Claude makes this kind of point, but first it introduces an Agreement axiom that the proof never uses. Claude later comes close to admitting this ('Agreement plays almost no role'), tries to walk it back ('But Agreement rules out the escape route...'), and then fully admits it ('the fundamental impossibility holds regardless'). 

Which Claude model did you use? Did you use extended thinking? The flip-flopping above makes me think there was no extended thinking, and maybe a model with extended thinking would do better. (Though not much better I'd guess. I've found LLMs to be surprisingly bad at philosophy, even just the 'understanding the view and its implications' parts.)

I didn't bother checking the second population ethics proof but it looks sloppy:

Axiom (Sufficient Comparability). For any pair of populations A, B that differ by at most some fixed bounded amount (e.g., adding or removing one person, or changing one person's welfare level by a small amount), M(μ) must rank A and B (no incomparability for "local" comparisons)."

Don't any pair of populations "differ by at most some fixed bounded amount"? What is Claude doing including 'e.g.'s in its formal statement of axioms?

With some additional effort, present-day LLMs might be capable of coming up with a good novel proof. If not, then it will likely be possible soon. Most kinds of moral philosophy might be difficult for AIs, but proofs are one area where AI assistance seems promising.
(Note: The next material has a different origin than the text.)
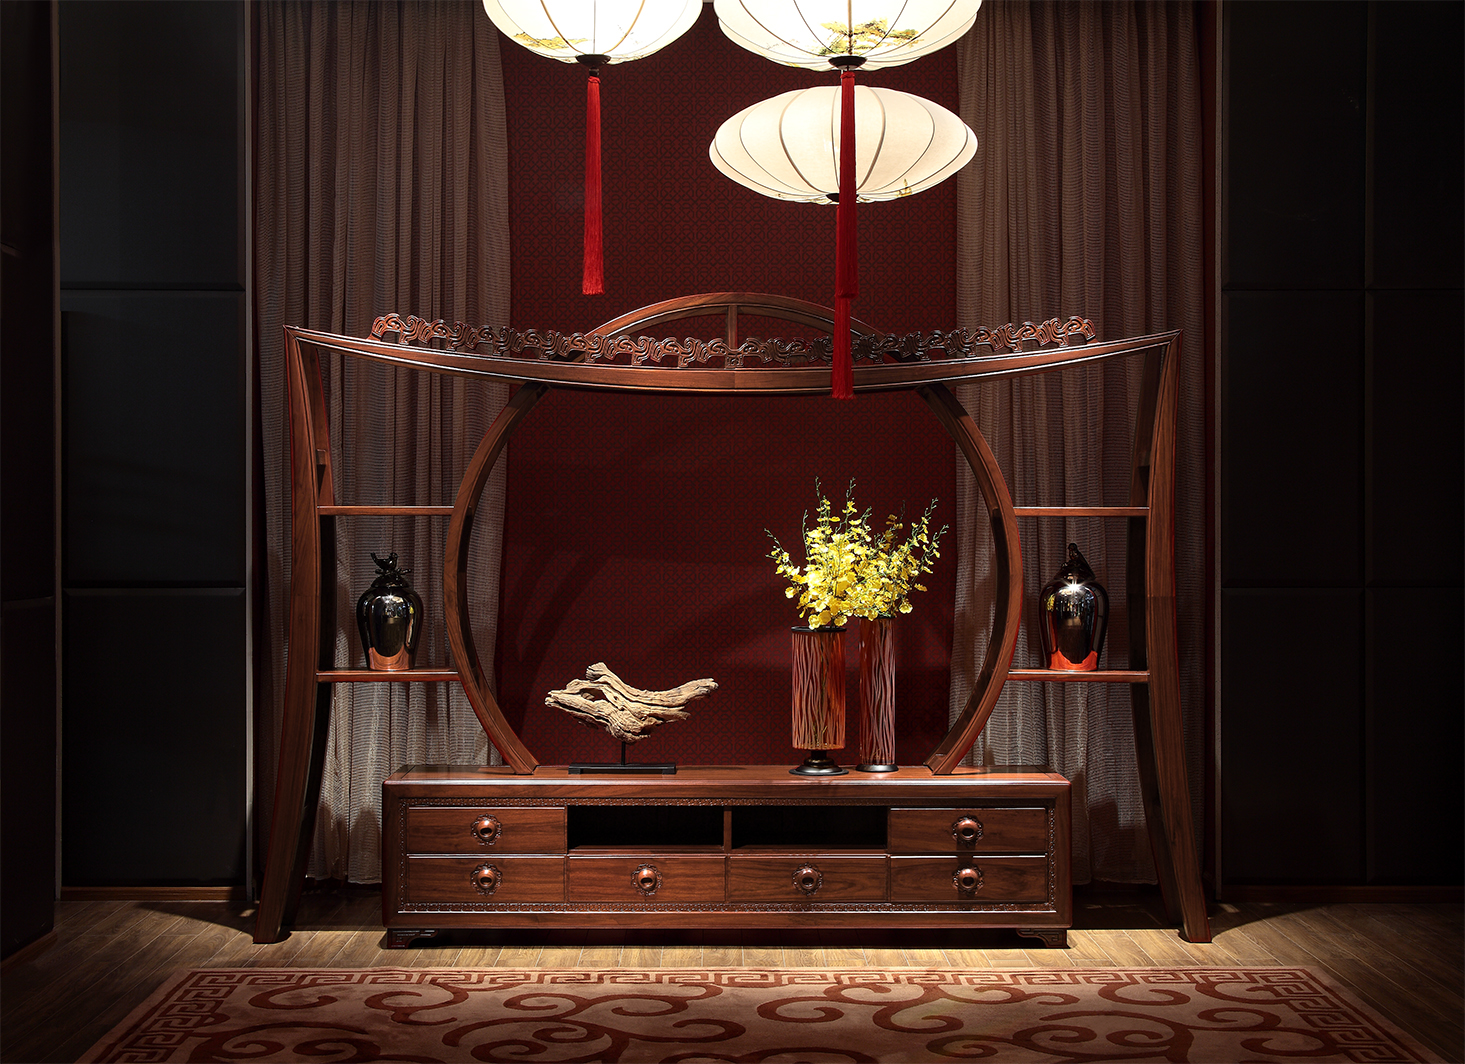 中式之美形神兼备中式古典家具 形之磊磊大度,意之含蕴深远图片

Yes, you'd think so given that they've gotten so good at math! But when I've tried using LLMs to help with formal philosophy, I've found them to be really surprisingly bad, even at parts that seem very math-loaded (e.g. inventing proofs, following arguments, grasping views and their implications, coming up with counterexamples, etc.). I'm not sure why this is. I guess part of it is that it's hard to do RLVR on philosophy in the same way that you can do RLVR on math, but naively I'd expect more generalization from math to formal philosophy. Maybe the following is a factor: pretraining data doesn't contain that much bad mathematical reasoning, but it contains a huge amount of bad philosophical reasoning.
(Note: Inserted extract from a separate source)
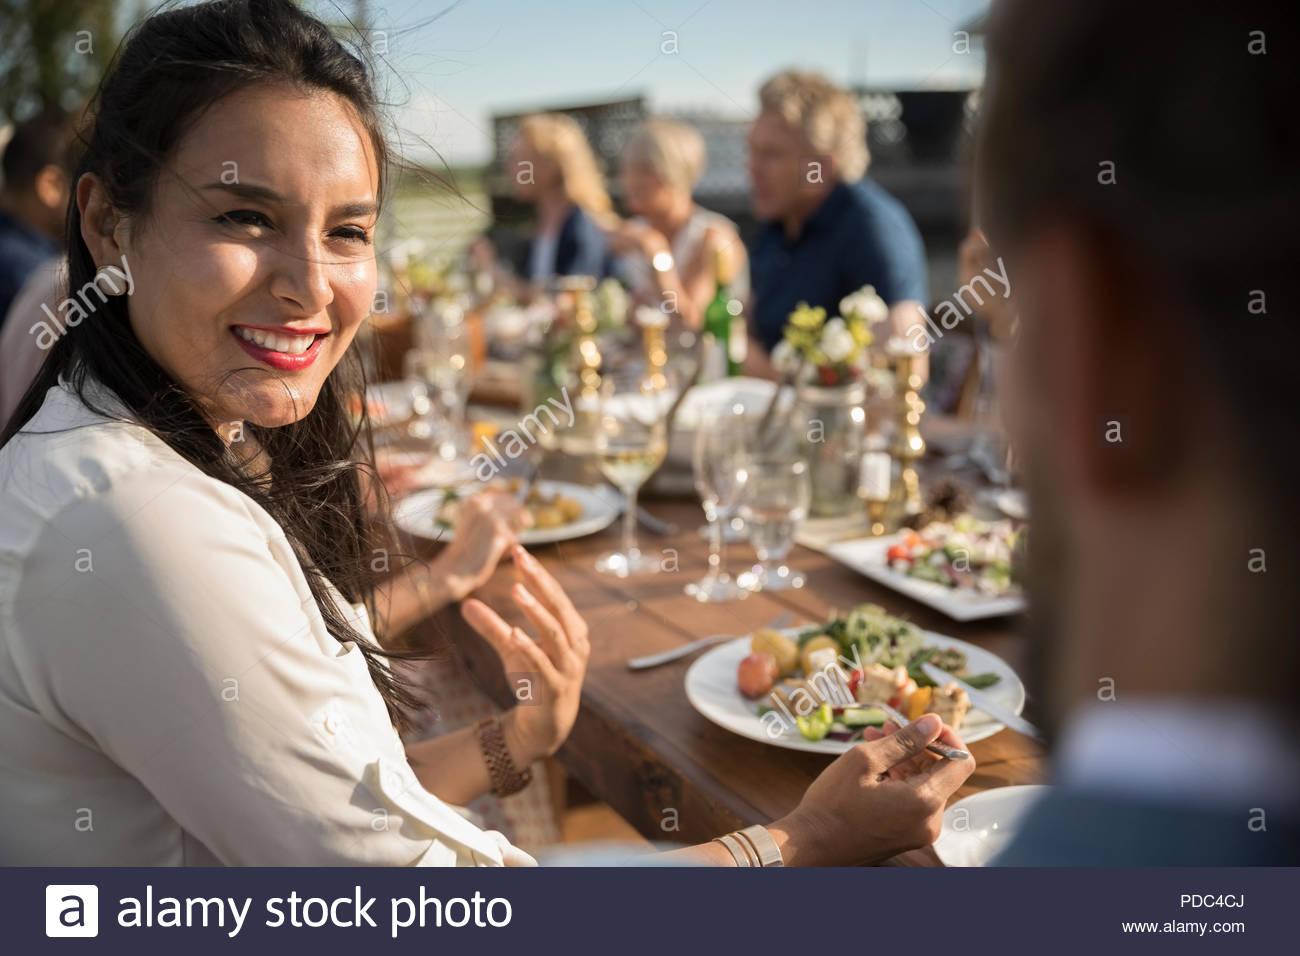 Donna sorridente, mangiare e parlare con un amico a sunny garden party pranzo Immagini Stock

I said a little in another thread. If we get aligned AI, I think it'll likely be a corrigible assistant that doesn't have its own philosophical views that it wants to act on. And then we can use these assistants to help us solve philosophical problems. I'm imagining in particular that these AIs could be very good at mapping logical space, tracing all the implications of various views, etc. So you could ask a question and receive a response like: 'Here are the different views on this question. Here's why they're mutually exclusive and jointly exhaustive. Here are all the most serious objections to each view. Here are all the responses to those objections. Here are all the objections to those responses,' and so on. That would be a huge boost to philosophical progress. Progress has been slow so far because human philosophers take entire lifetimes just to fill in one small part of this enormous map, and because humans make errors so later philosophers can't even trust that small filled-in part, and because verification in philosophy isn't much quicker than generation.

I'm not sure but I think maybe I also have a different view than you on what problems are going to be bottlenecks to AI development. e.g. I think there's a big chance that the world would steam ahead even if we don't solve any of the current (non-philosophical) problems in alignment (interpretability, shutdownability, reward hacking, etc.).

try to make them "more legible" to others, including AI researchers, key decision makers, and the public

Yes, I agree this is valuable, though I think it's valuable mainly because it increases the probability that people use future AIs to solve these problems, rather than because it will make people slow down AI development or try very hard to solve them pre-TAI.

I don't think philosophical difficulty is that much of an increase to the difficulty of alignment, mainly because I think that AI developers should (and likely will) aim to make AIs corrigible assistants rather than agents with their own philosophical views that they try to impose on the world. And I think it's fairly likely that we can use these assistants (if we succeed in getting them and aren't disempowered by a misaligned AI instead) to help a lot with these hard philosophical questions.